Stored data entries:
※ ※ ※

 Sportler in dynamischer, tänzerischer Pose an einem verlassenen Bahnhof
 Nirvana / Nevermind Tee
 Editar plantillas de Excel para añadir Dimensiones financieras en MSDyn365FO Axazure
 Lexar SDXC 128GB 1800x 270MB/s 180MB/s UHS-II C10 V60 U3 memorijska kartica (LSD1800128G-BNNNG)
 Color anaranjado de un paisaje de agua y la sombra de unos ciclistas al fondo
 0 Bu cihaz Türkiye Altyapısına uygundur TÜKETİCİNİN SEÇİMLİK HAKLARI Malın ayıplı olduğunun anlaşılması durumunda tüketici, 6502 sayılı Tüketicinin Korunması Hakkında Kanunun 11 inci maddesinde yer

※ ※ ※

## Your task:
Starting from the line with "Color anaranjado de", write out every remaining line of the data above exactly, the final line included, and nothing before it.

## Solved exercise:
 Color anaranjado de un paisaje de agua y la sombra de unos ciclistas al fondo
 0 Bu cihaz Türkiye Altyapısına uygundur TÜKETİCİNİN SEÇİMLİK HAKLARI Malın ayıplı olduğunun anlaşılması durumunda tüketici, 6502 sayılı Tüketicinin Korunması Hakkında Kanunun 11 inci maddesinde yer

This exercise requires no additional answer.